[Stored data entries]
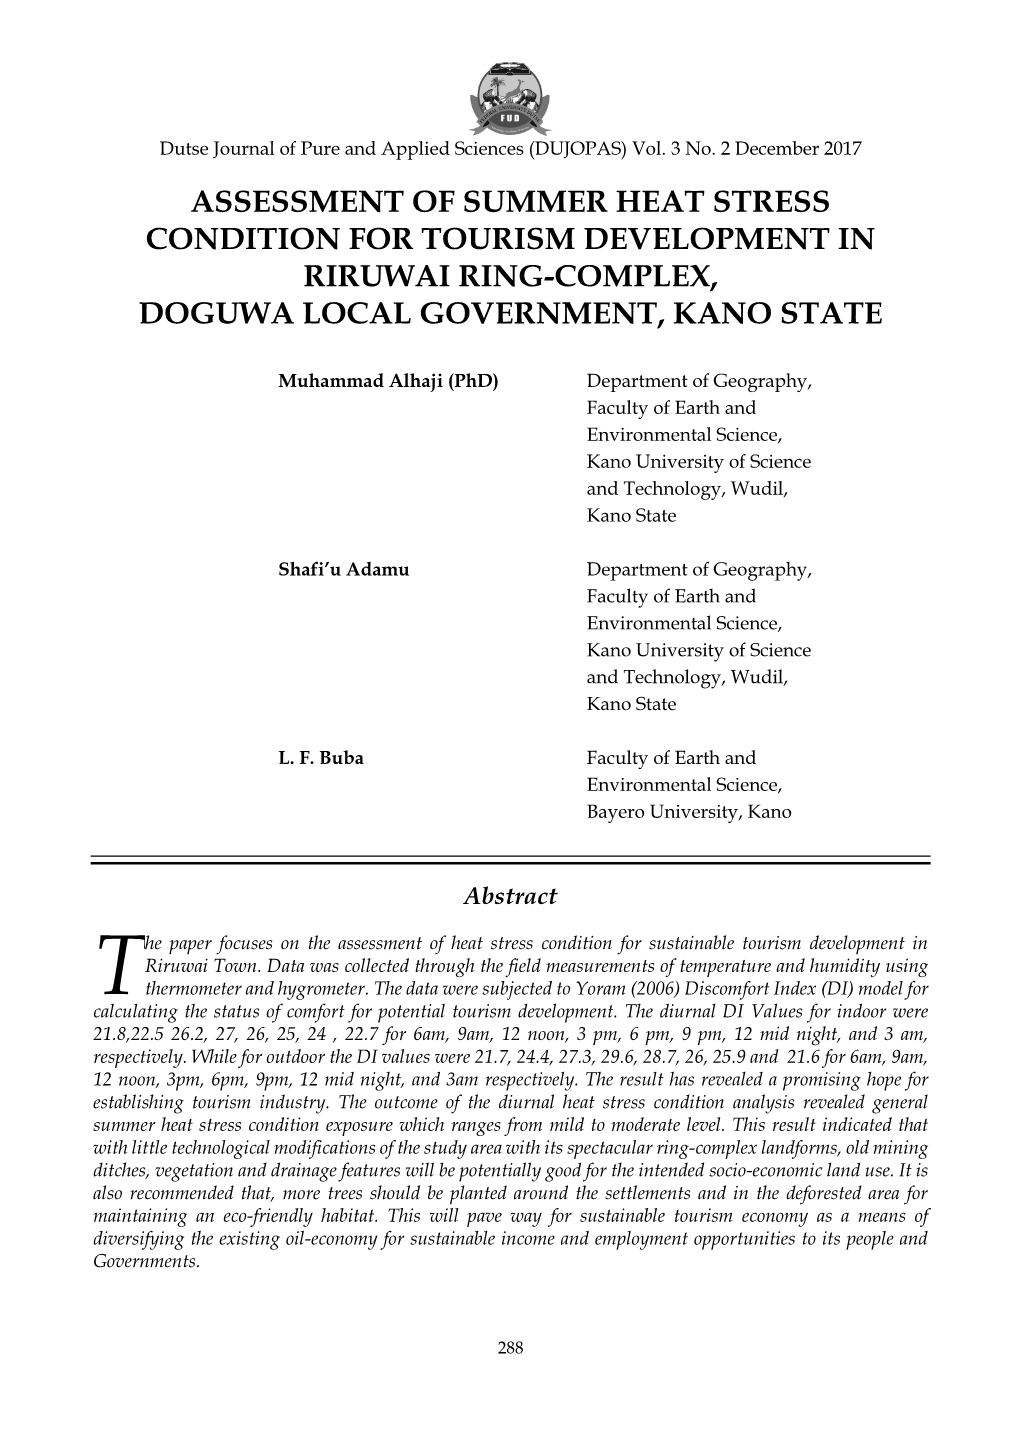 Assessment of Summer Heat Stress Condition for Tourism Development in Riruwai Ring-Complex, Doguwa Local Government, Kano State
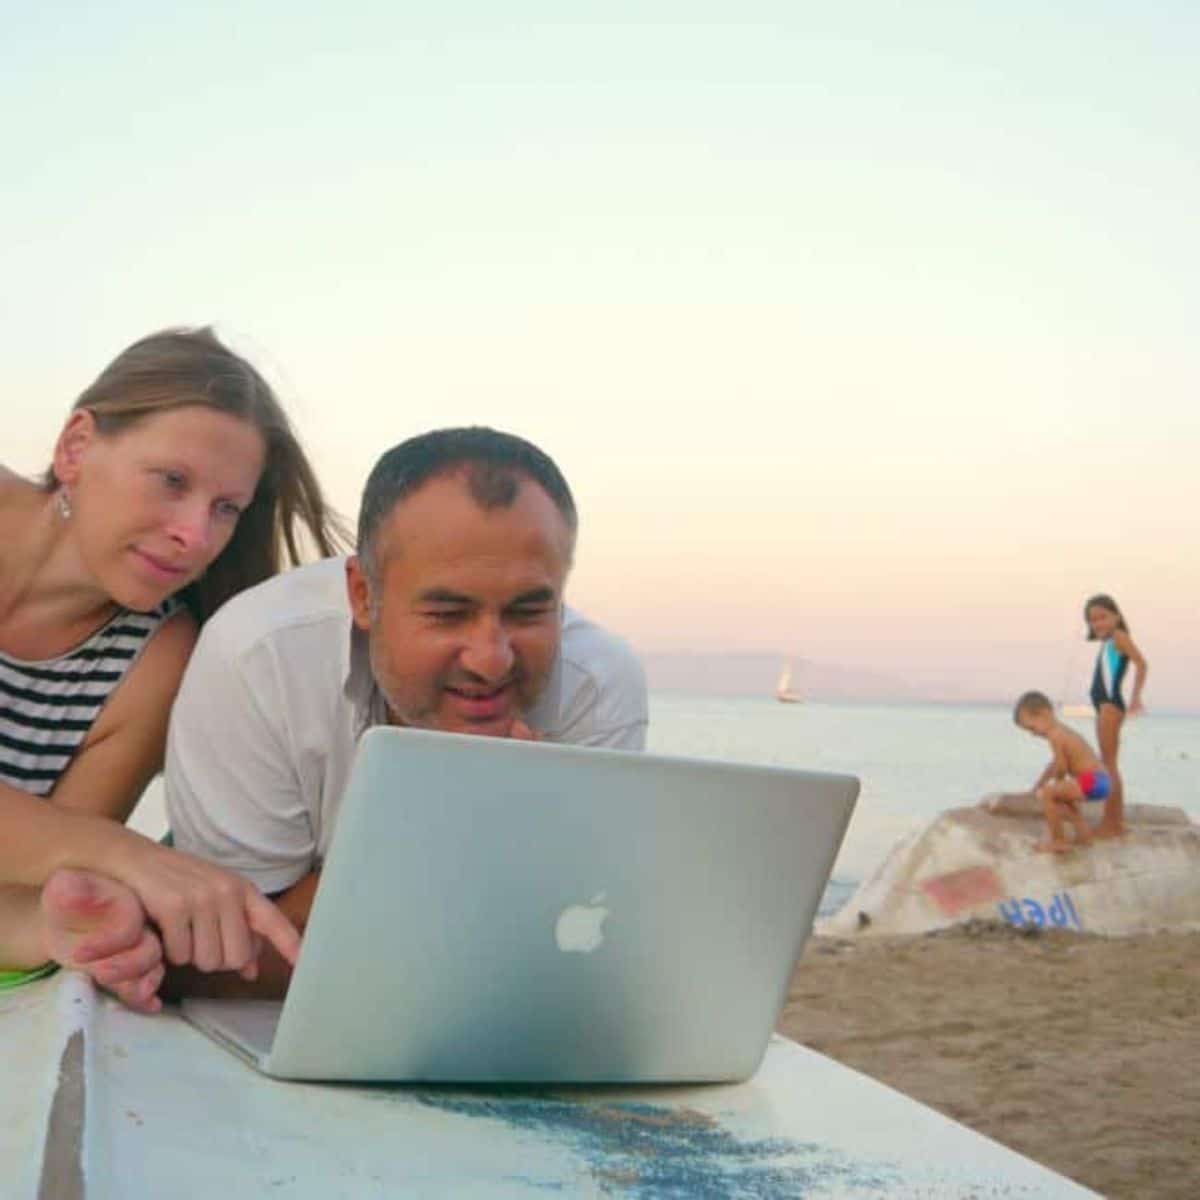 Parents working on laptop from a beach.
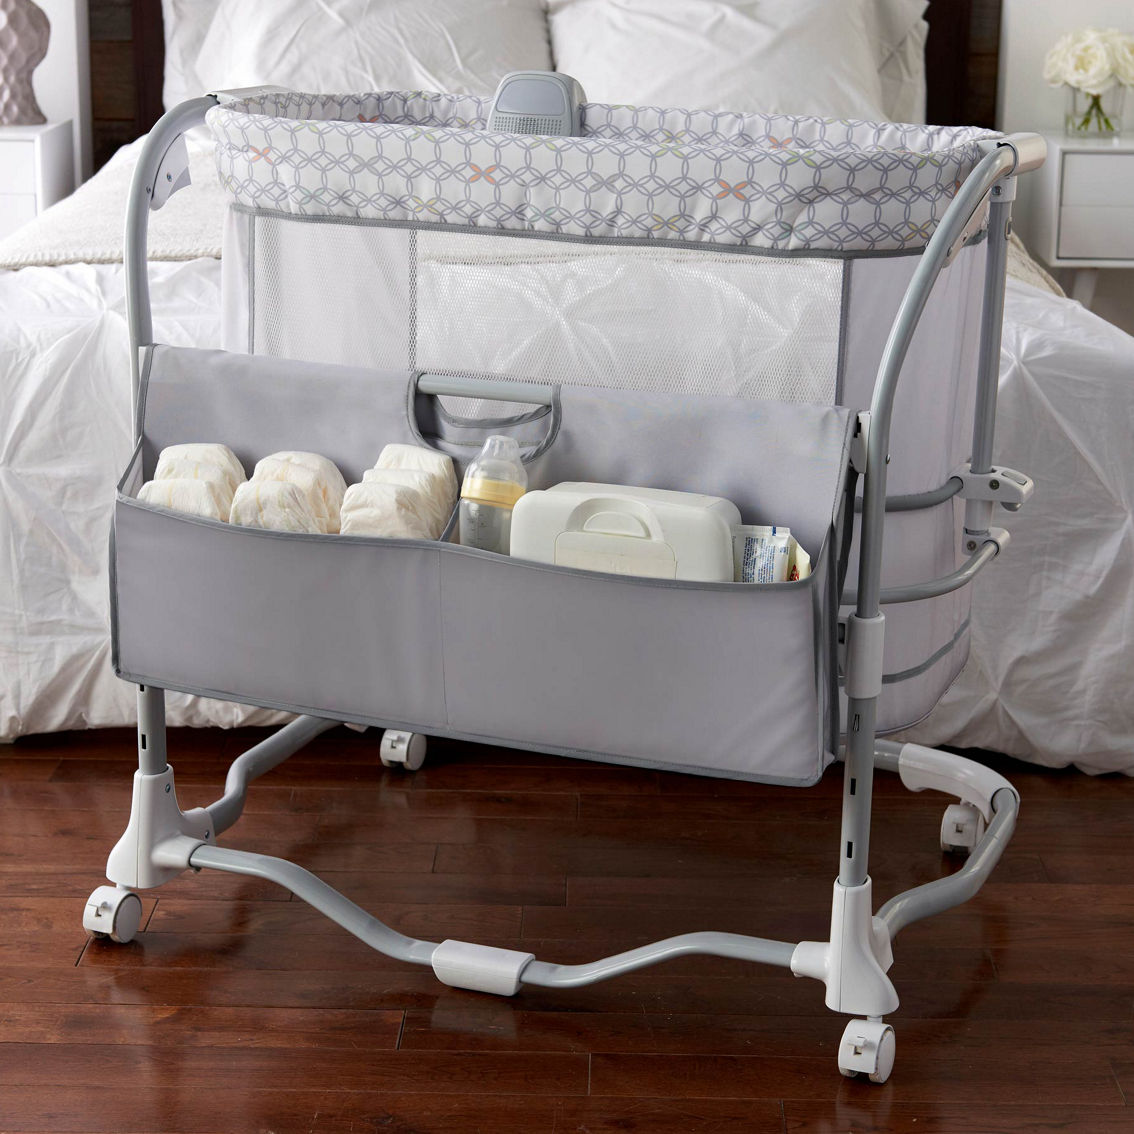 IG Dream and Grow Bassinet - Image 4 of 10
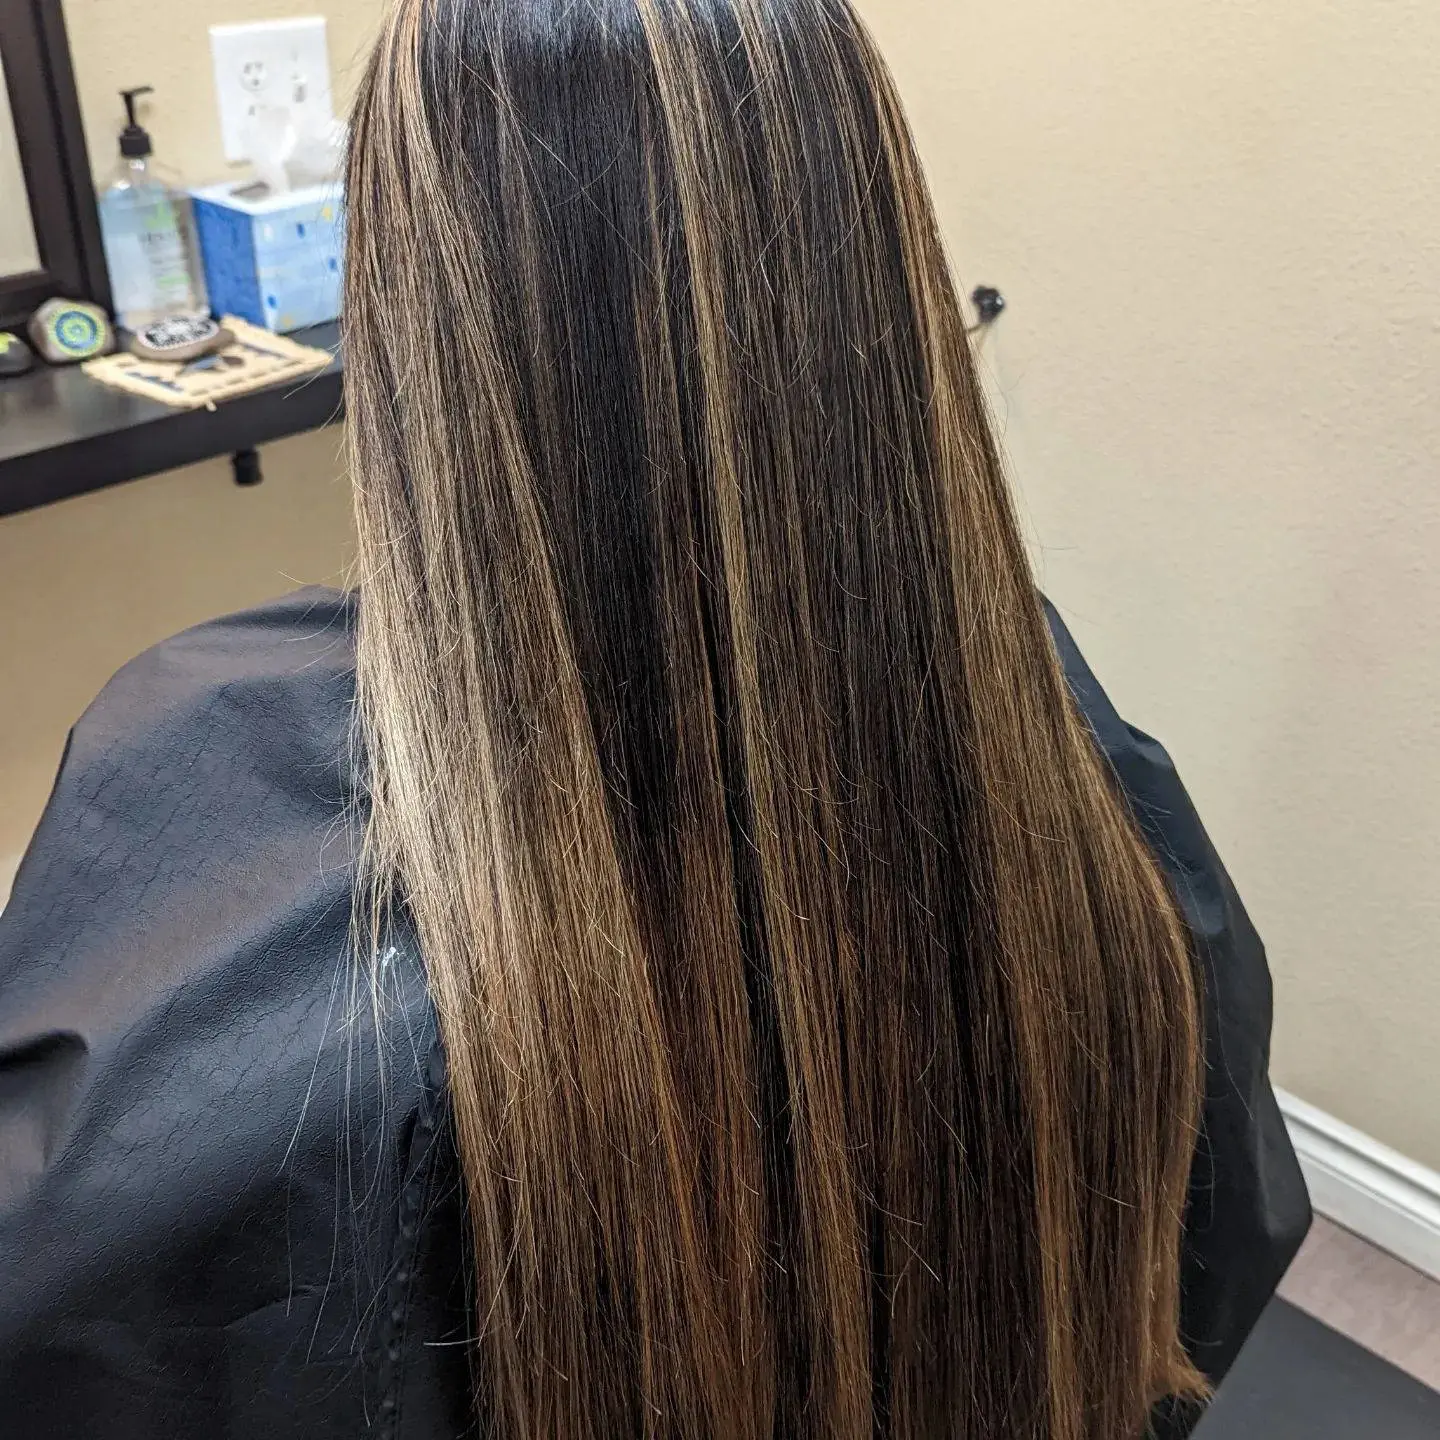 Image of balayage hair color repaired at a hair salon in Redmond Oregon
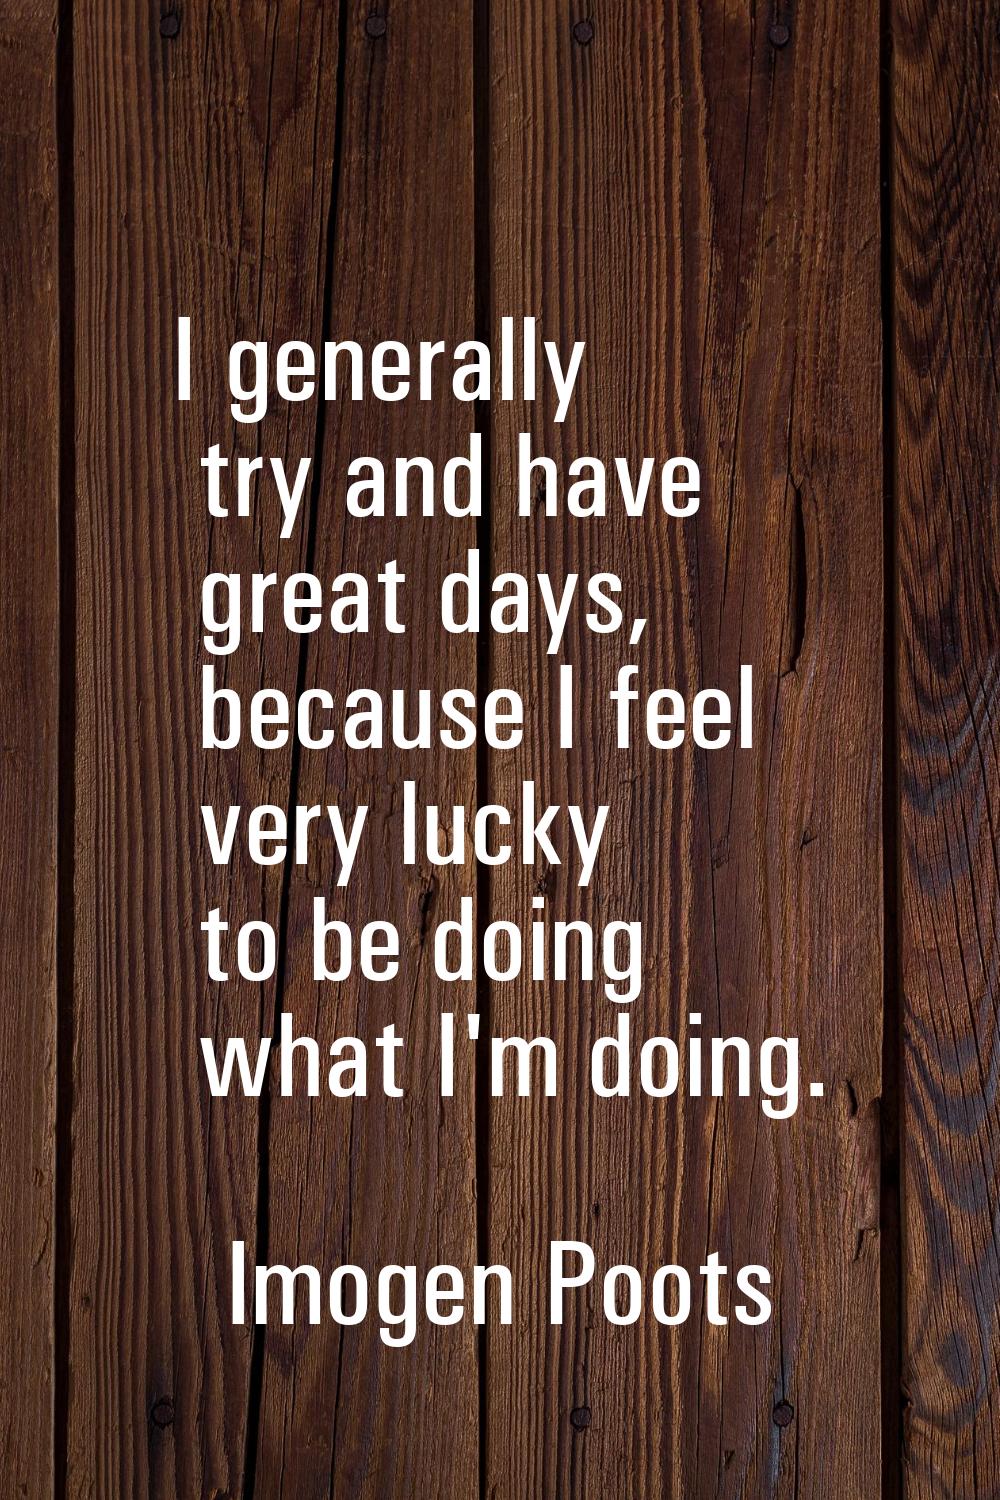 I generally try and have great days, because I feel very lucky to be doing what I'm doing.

TASK ITEM
Copy the records exactly; no image should appear in the result.

ANSWER TO THE EXERCISE
 Assessment of Summer Heat Stress Condition for Tourism Development in Riruwai Ring-Complex, Doguwa Local Government, Kano State
 Parents working on laptop from a beach.
 IG Dream and Grow Bassinet - Image 4 of 10
 Image of balayage hair color repaired at a hair salon in Redmond Oregon
 I generally try and have great days, because I feel very lucky to be doing what I'm doing.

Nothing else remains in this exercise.